= 1938 Illinois elections =

Elections were held in Illinois on Tuesday, November 8, 1938.

Primaries were held April 12, 1938.

==Election information==
1938 was a midterm election year in the United States.

===Turnout===
In the primary election 2,550,642 ballots were cast (1,744,005 Democratic and 806,637 Republican).
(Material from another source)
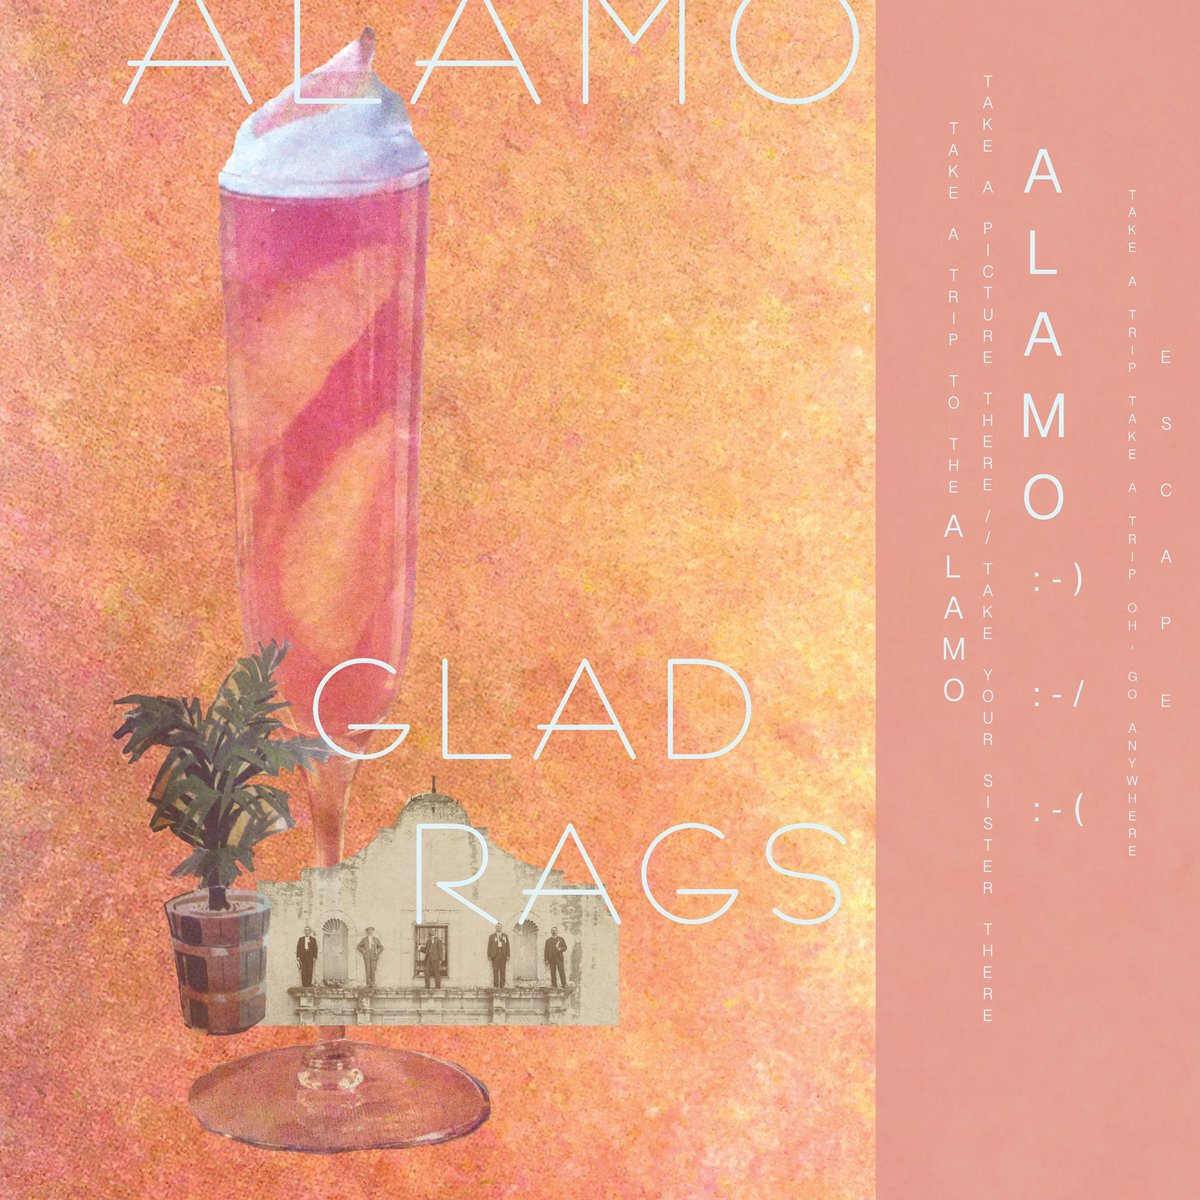 Alamo by Glad Rags

In the general election 3,274,814 ballots were cast.

==Federal elections==
=== United States Senate ===

Incumbent Democrat William H. Dieterich retired. Democrat Scott W. Lucas was elected to succeed him.

=== United States House ===

All 27 Illinois seats in the United States House of Representatives were up for election in 1938.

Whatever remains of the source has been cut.